---------- Given material ----------

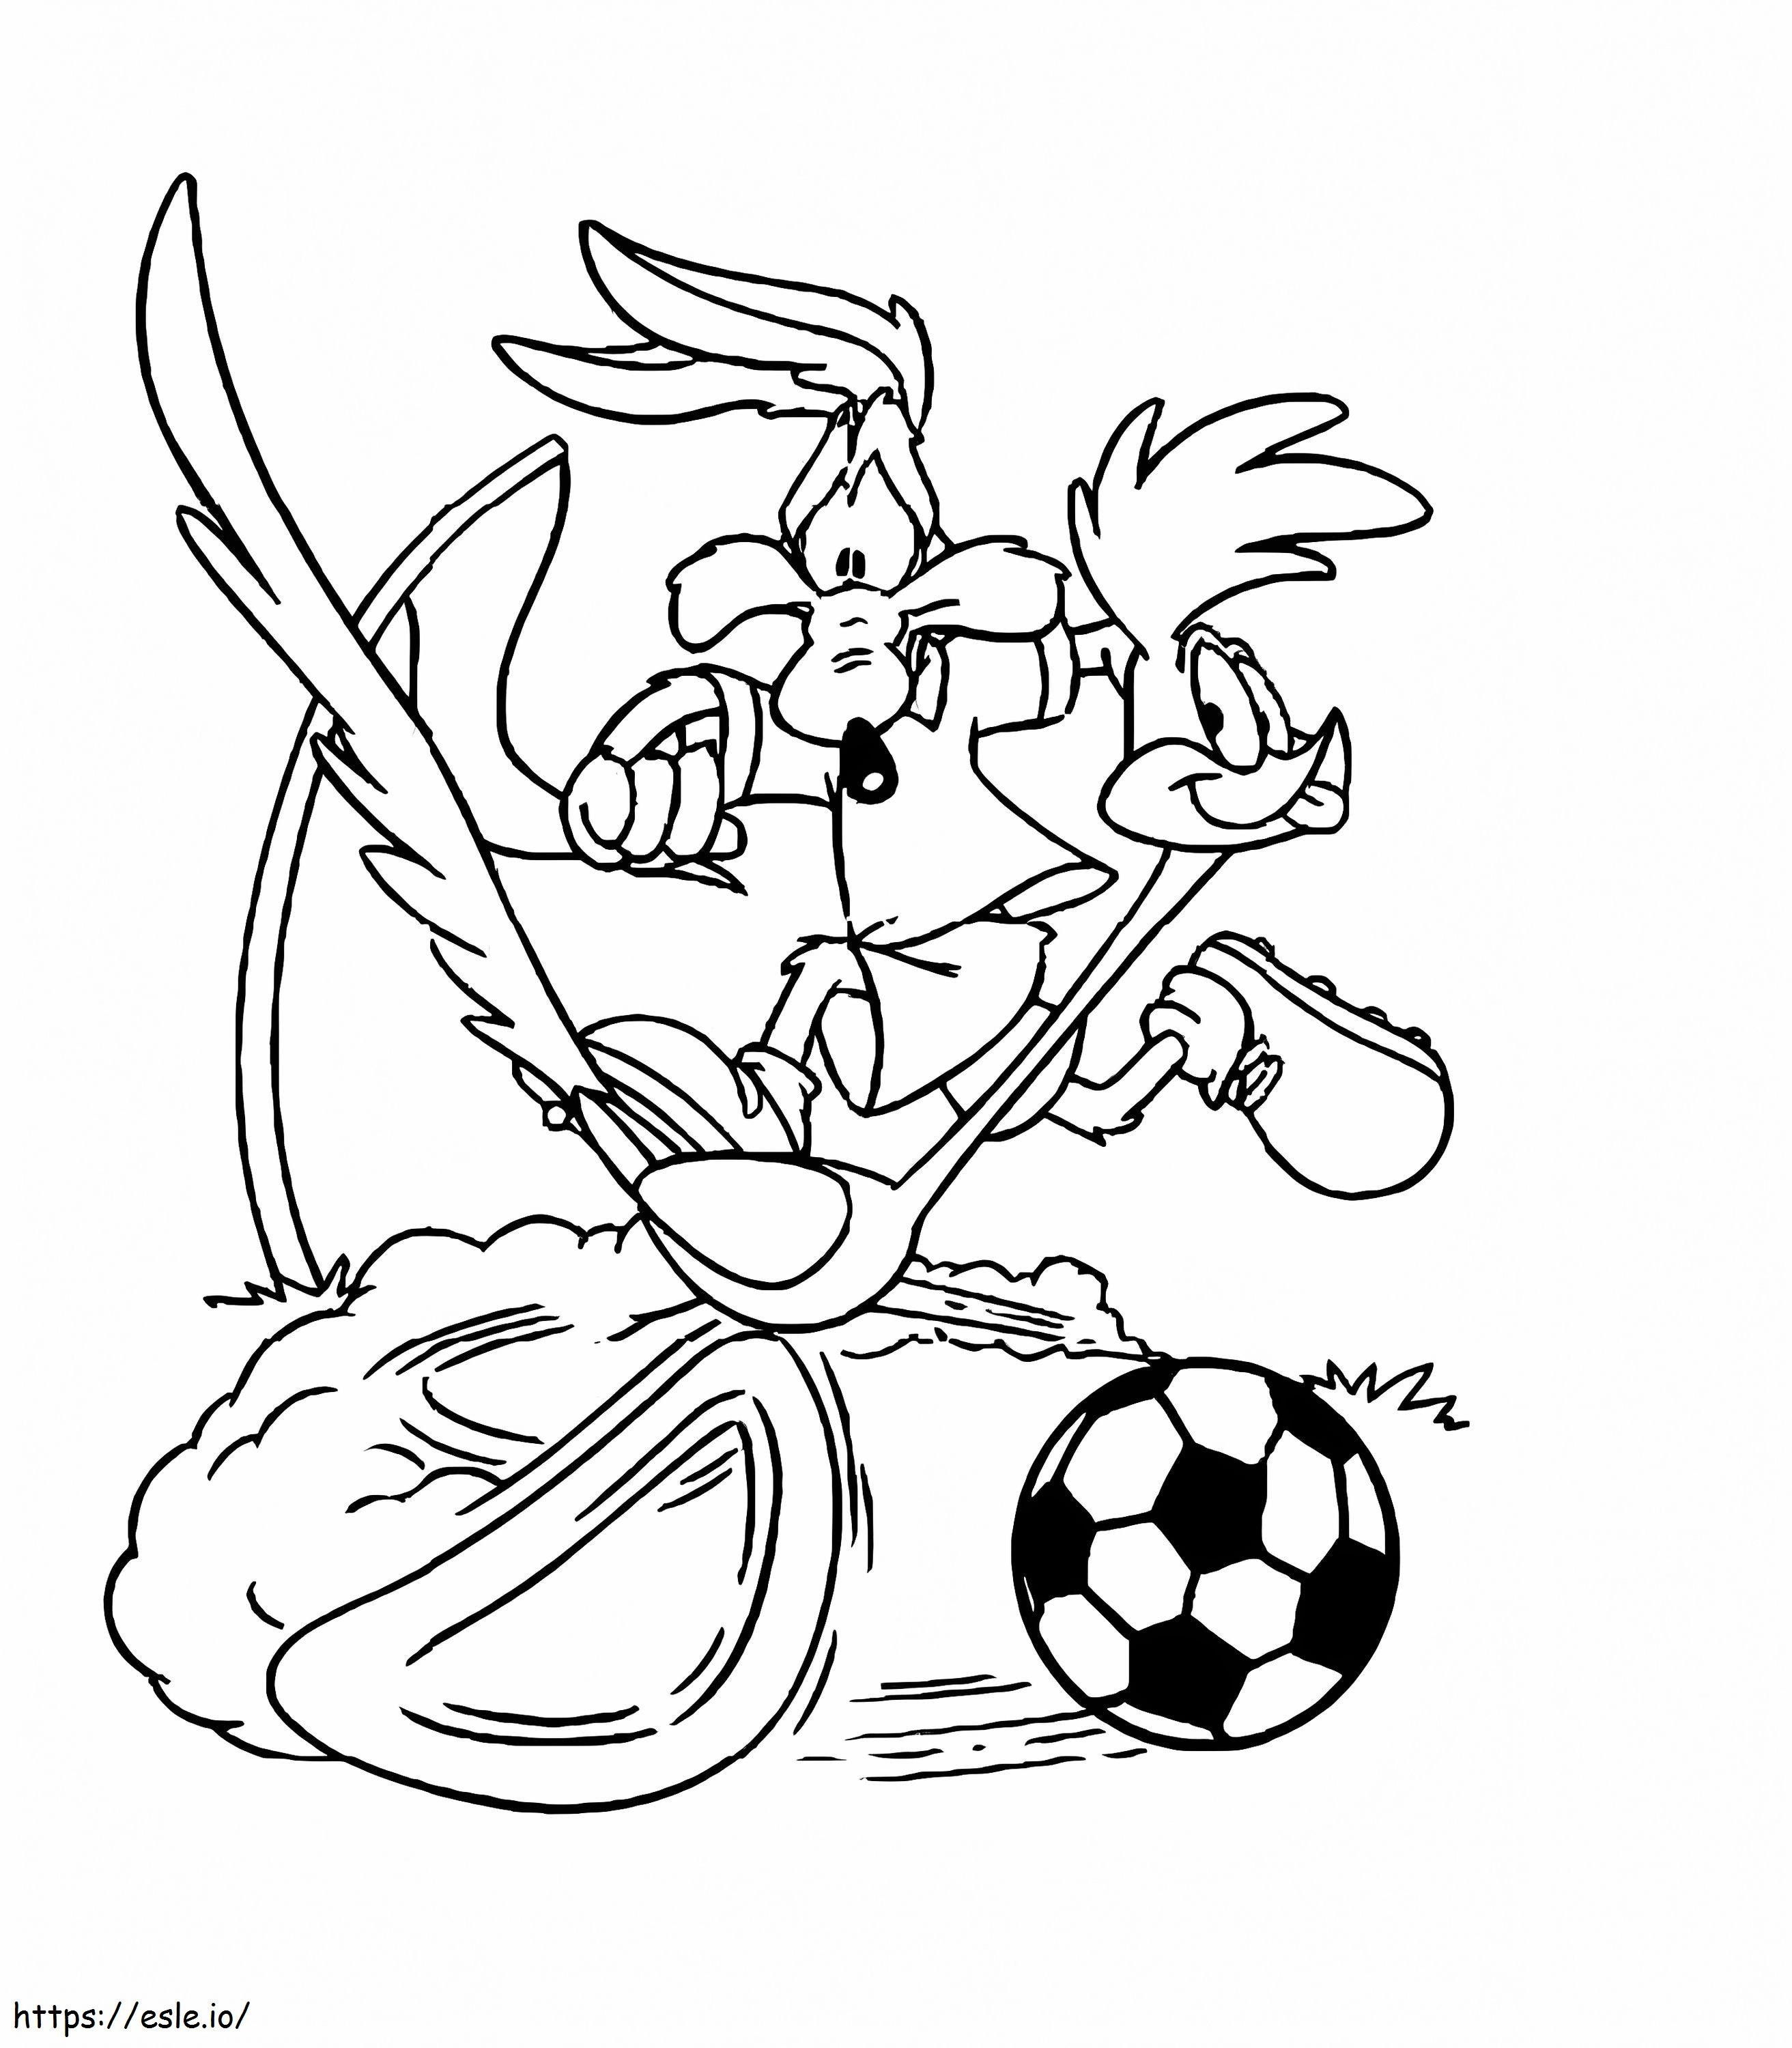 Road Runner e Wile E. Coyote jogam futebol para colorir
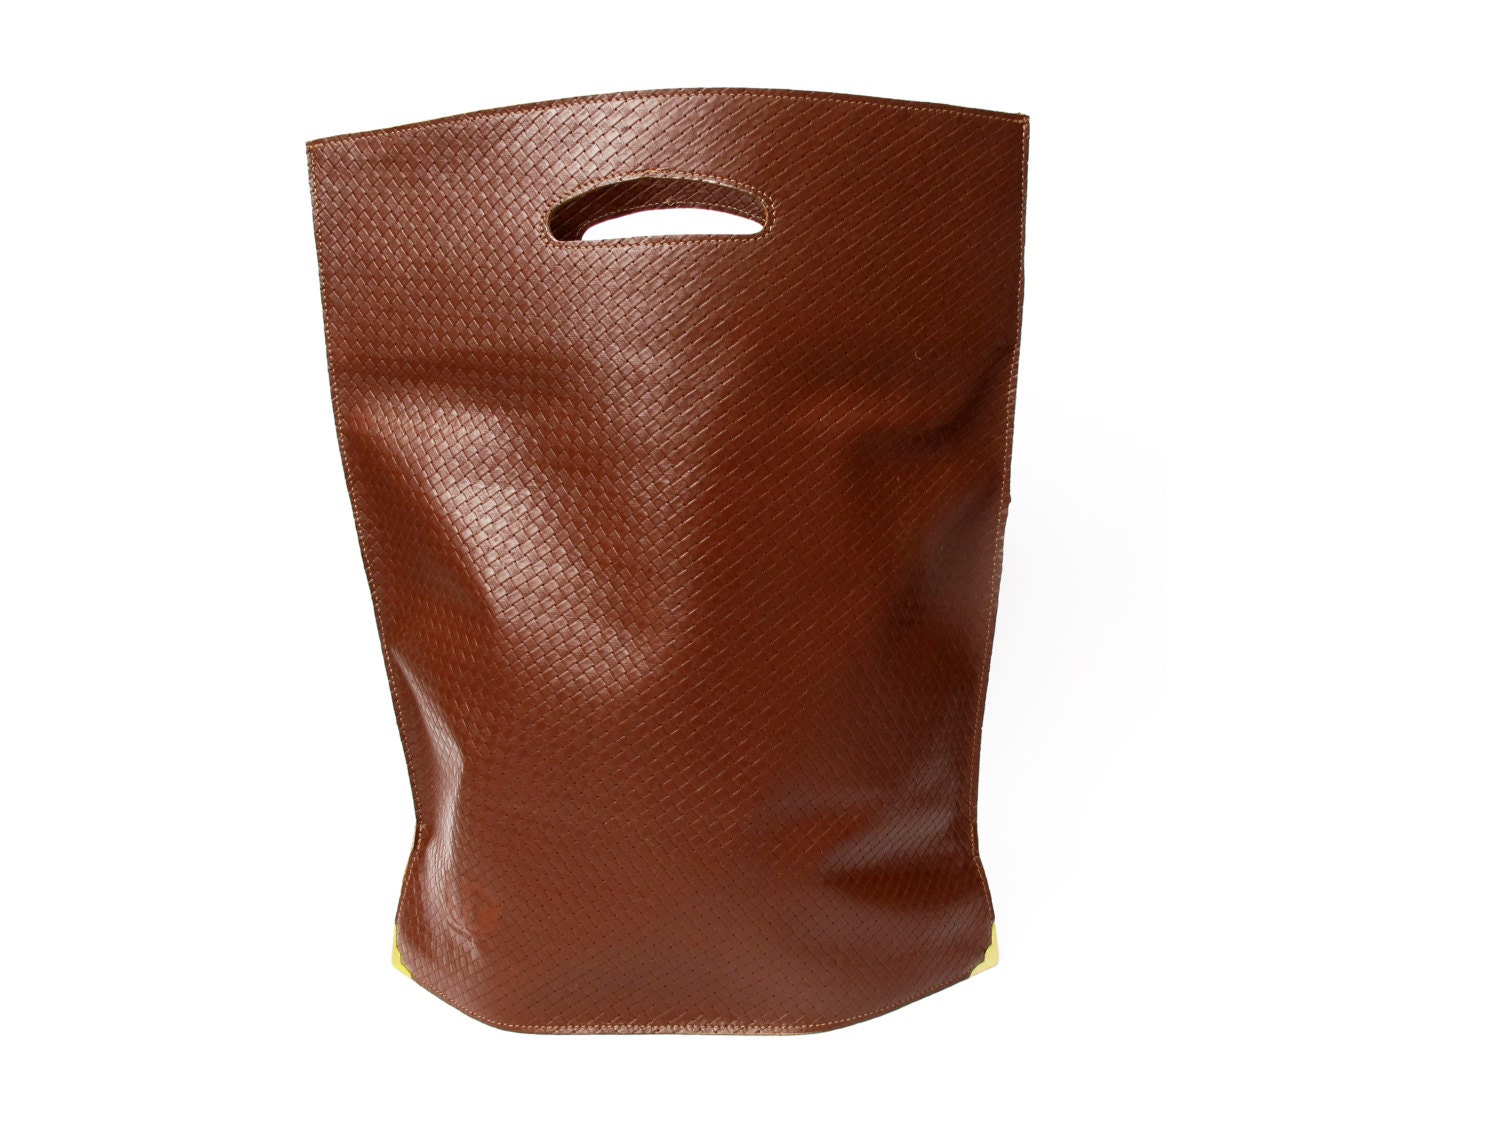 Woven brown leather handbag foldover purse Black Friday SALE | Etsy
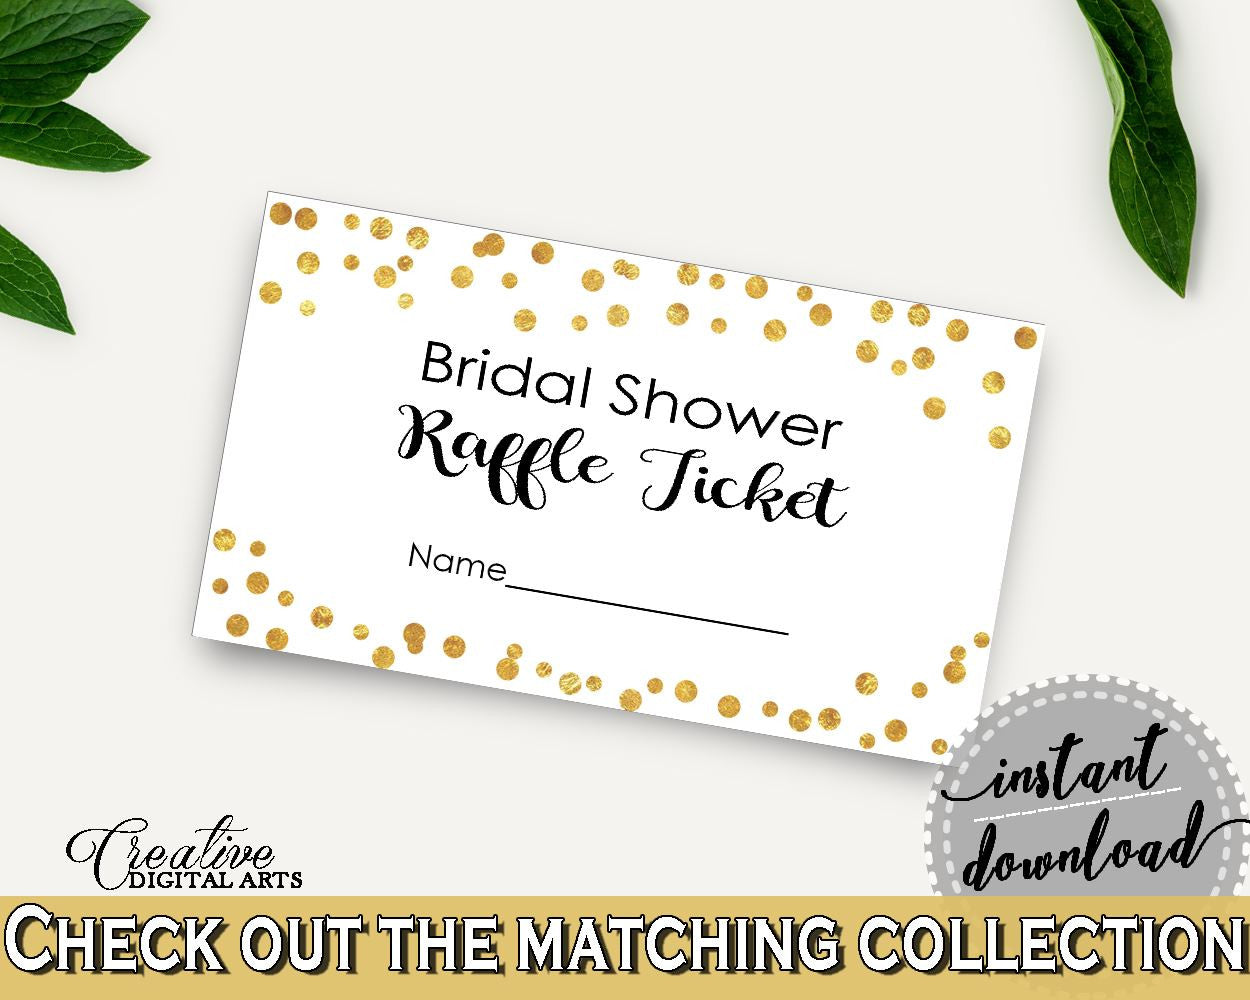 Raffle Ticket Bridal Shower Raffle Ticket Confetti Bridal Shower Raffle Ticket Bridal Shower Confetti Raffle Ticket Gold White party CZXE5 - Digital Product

----------

Exercise goal ▸ Would you retype all the lines shown above, exactly as written and without any picture?

Answer to this problem ▸
 Road Runner e Wile E. Coyote jogam futebol para colorir
 Woven brown leather handbag foldover purse Black Friday SALE | Etsy
 Raffle Ticket Bridal Shower Raffle Ticket Confetti Bridal Shower Raffle Ticket Bridal Shower Confetti Raffle Ticket Gold White party CZXE5 - Digital Product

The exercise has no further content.